# doubleml.datasets.make_did_SZ2020#

doubleml.datasets.make_did_SZ2020(n_obs=500, dgp_type=1, cross_sectional_data=False, return_type='DoubleMLData', **kwargs)#

Generates data from a difference-in-differences model used in Sant’Anna and Zhao (2020). The data generating process is defined as follows. For a generic $$W=(W_1, W_2, W_3, W_4)^T$$, let

\begin{align}\begin{aligned}f_{reg}(W) &= 210 + 27.4 \cdot W_1 +13.7 \cdot (W_2 + W_3 + W_4),\\f_{ps}(W) &= 0.75 \cdot (-W_1 + 0.5 \cdot W_2 -0.25 \cdot W_3 - 0.1 \cdot W_4).\end{aligned}\end{align}

Let $$X= (X_1, X_2, X_3, X_4)^T \sim \mathcal{N}(0, \Sigma)$$, where $$\Sigma$$ is a matrix with entries $$\Sigma_{kj} = c^{|j-k|}$$. The default value is $$c = 0$$, corresponding to the identity matrix. Further, define $$Z_j = (\tilde{Z_j} - \mathbb{E}[\tilde{Z}_j]) / \sqrt{\text{Var}(\tilde{Z}_j)}$$, where $$\tilde{Z}_1 = \exp(0.5 \cdot X_1)$$, $$\tilde{Z}_2 = 10 + X_2/(1 + \exp(X_1))$$, $$\tilde{Z}_3 = (0.6 + X_1 \cdot X_3 / 25)^3$$ and $$\tilde{Z}_4 = (20 + X_2 + X_4)^2$$. At first define

\begin{align}\begin{aligned}Y_0(0) &= f_{reg}(W_{reg}) + \nu(W_{reg}, D) + \varepsilon_0,\\Y_1(d) &= 2 \cdot f_{reg}(W_{reg}) + \nu(W_{reg}, D) + \varepsilon_1(d),\\p(W_{ps}) &= \frac{\exp(f_{ps}(W_{ps}))}{1 + \exp(f_{ps}(W_{ps}))},\\D &= 1\{p(W_{ps}) \ge U\},\end{aligned}\end{align}

where $$\varepsilon_0, \varepsilon_1(d), d=0, 1$$ are independent standard normal random variables, $$U \sim \mathcal{U}[0, 1]$$ is a independent standard uniform and $$\nu(W_{reg}, D)\sim \mathcal{N}(D \cdot f_{reg}(W_{reg}),1)$$. The different data generating processes are defined via

\begin{align}\begin{aligned}DGP1:\quad W_{reg} &= Z \quad W_{ps} = Z\\DGP2:\quad W_{reg} &= Z \quad W_{ps} = X\\DGP3:\quad W_{reg} &= X \quad W_{ps} = Z\\DGP4:\quad W_{reg} &= X \quad W_{ps} = X\\DGP5:\quad W_{reg} &= Z \quad W_{ps} = 0\\DGP6:\quad W_{reg} &= X \quad W_{ps} = 0,\end{aligned}\end{align}

such that the last two settings correspond to an experimental setting with treatment probability of $$P(D=1) = \frac{1}{2}.$$ For the panel data the outcome is already defined as the difference $$Y = Y_1(D) - Y_0(0)$$. For cross-sectional data the flag cross_sectional_data has to be set to True. Then the outcome will be defined to be

$Y = T \cdot Y_1(D) + (1-T) \cdot Y_0(0),$

where $$T = 1\{U_T\le \lambda_T \}$$ with $$U_T\sim \mathcal{U}[0, 1]$$ and $$\lambda_T=0.5$$. The true average treatment effect on the treated is zero for all data generating processes.

Parameters:
• n_obs – The number of observations to simulate.

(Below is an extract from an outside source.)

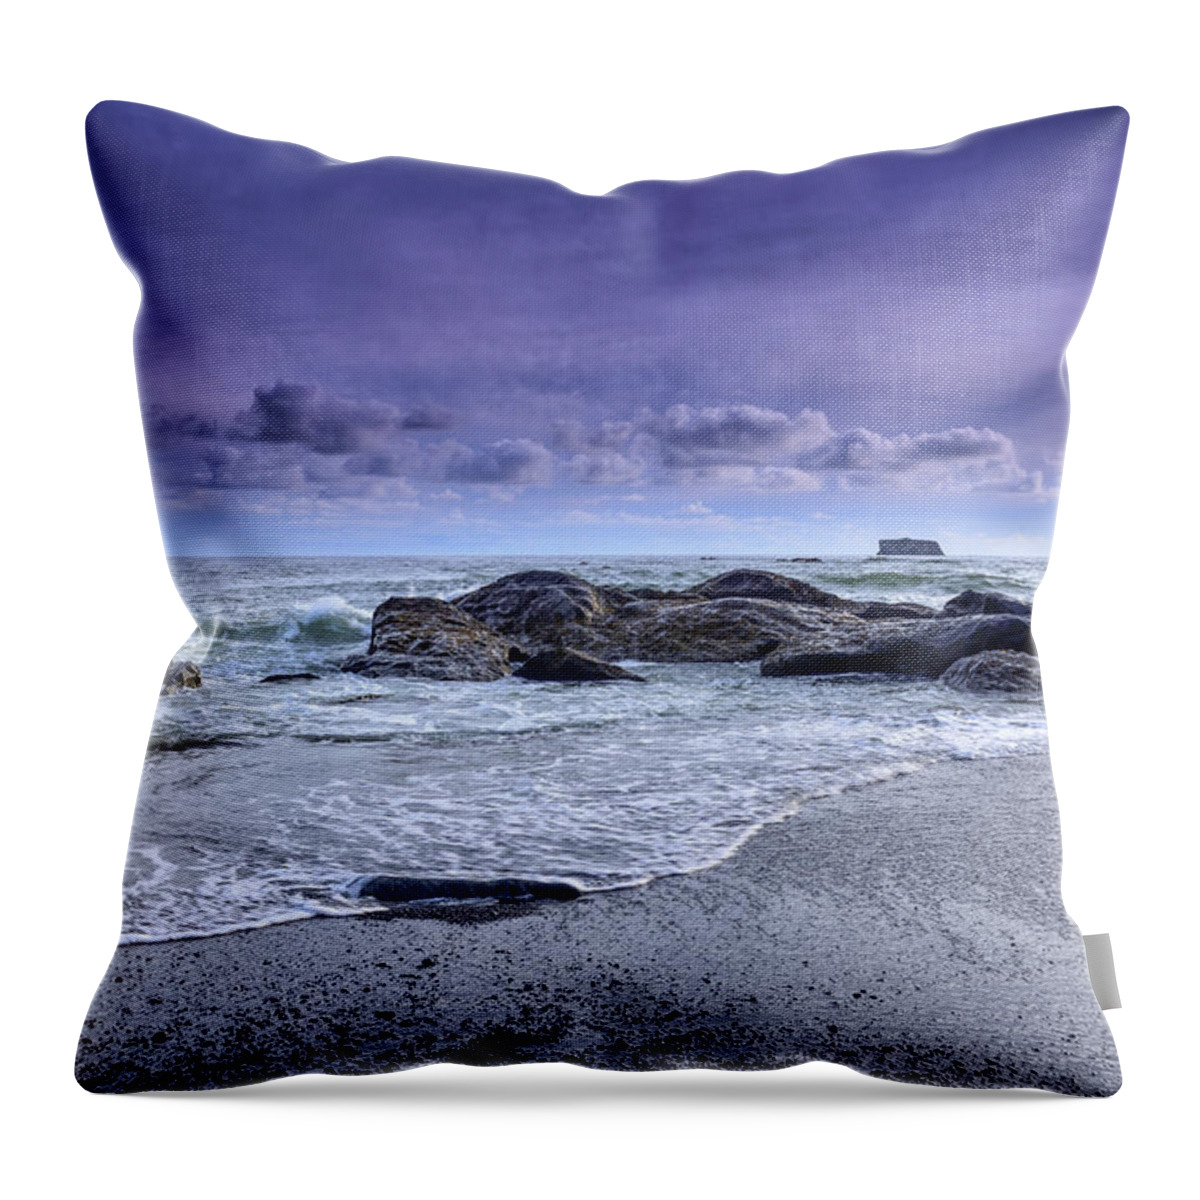 Rialto Beach Throw Pillow featuring the photograph Rialto Beach Drama by Spencer McDonald

• dgp_type – The DGP to be used. Default value is 1 (integer).

• cross_sectional_data – Indicates whether the setting is uses cross-sectional or panel data. Default value is False.

• return_type

If 'DoubleMLData' or DoubleMLData, returns a DoubleMLData object.

If 'DataFrame', 'pd.DataFrame' or pd.DataFrame, returns a pd.DataFrame.

If 'array', 'np.ndarray', 'np.array' or np.ndarray, returns np.ndarray’s (x, y, d) or (x, y, d, t).

• **kwargs – Additional keyword arguments to set non-default values for the parameter $$xi=0.75$$, $$c=0.0$$ and $$\lambda_T=0.5$$.

References

Sant’Anna, P. H. and Zhao, J. (2020), Doubly robust difference-in-differences estimators. Journal of Econometrics, 219(1), 101-122. doi:10.1016/j.jeconom.2020.06.003.